New Delhi, Jun 5: Shares of Reliance Industries on Friday gained over 2 per cent to hit their one-year high level after the company announced sale of 1.85 per cent stake in its digital unit, Jio Platforms, to Abu Dhabi-based sovereign investor Mubadala.

On BSE, the heavyweight stock jumped 2.38 per cent to Rs 1,617.70 -- its 52-week high.

It surged 2.41 per cent to its one-year high of Rs 1,618 on NSE.

Earlier in the day, Reliance Industries announced the sale of 1.85 per cent stake in its digital unit to Mubadala for Rs 9,093.60 crore, the sixth deal in as many weeks that will inject a combined Rs 87,655.35 crore in the oil-to-telecom conglomerate to help it pare debt.

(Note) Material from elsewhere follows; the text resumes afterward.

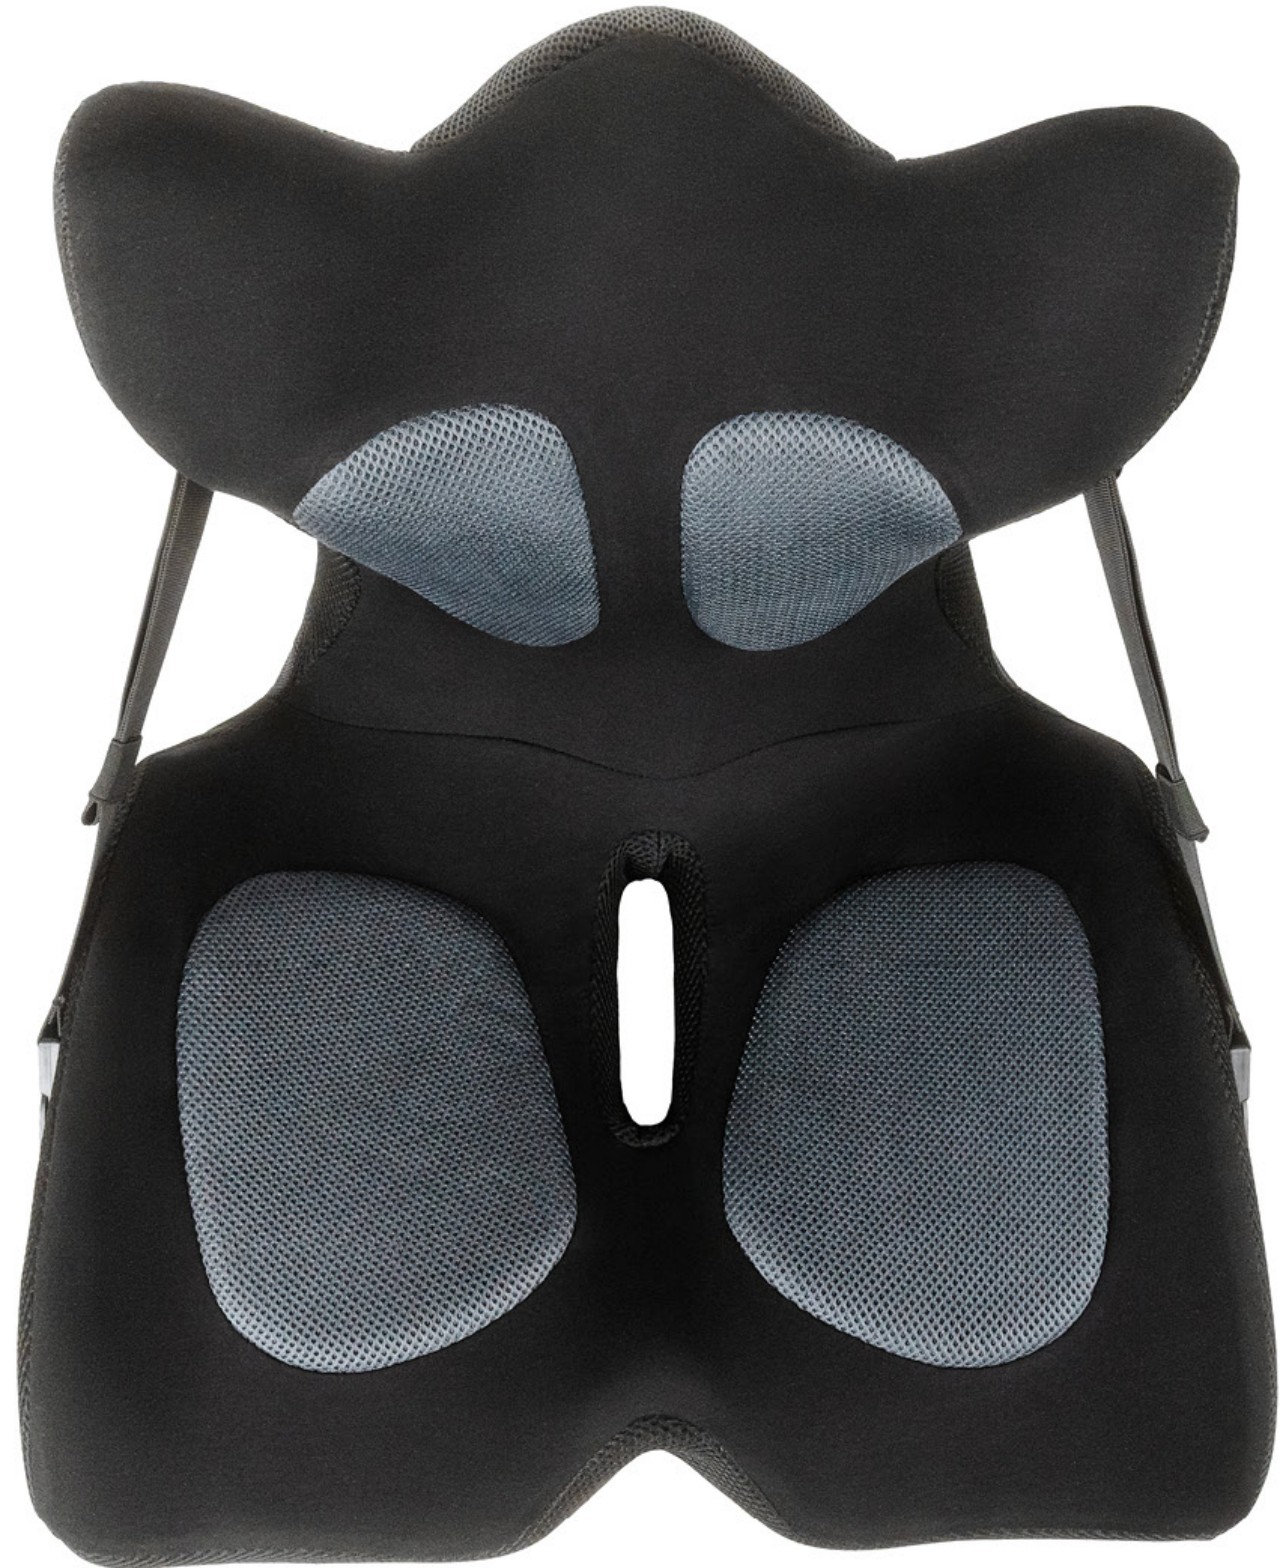 https://www.yankodesign.com/images/design_news/2023/02/ergonomic-seat-cushion-is-a-doctor-designed-lifeline-for-your-lower-back/lifted-lumbar-seat-cushion-9.jpg

"Mubadala Investment Company (Mubadala) will invest Rs 9,093.60 crore in Jio Platforms at an equity value of Rs 4.91 lakh crore and an enterprise value of Rs 5.16 lakh crore," the company said in a statement.

With this investment, Jio Platforms has raised Rs 87,655.35 crore from leading global technology and growth investors including Facebook, Silver Lake, Vista Equity Partners, General Atlantic, KKR and Mubadala in less than six weeks.

Jio Platforms, a wholly-owned subsidiary of Reliance Industries Ltd, is a next-generation technology company.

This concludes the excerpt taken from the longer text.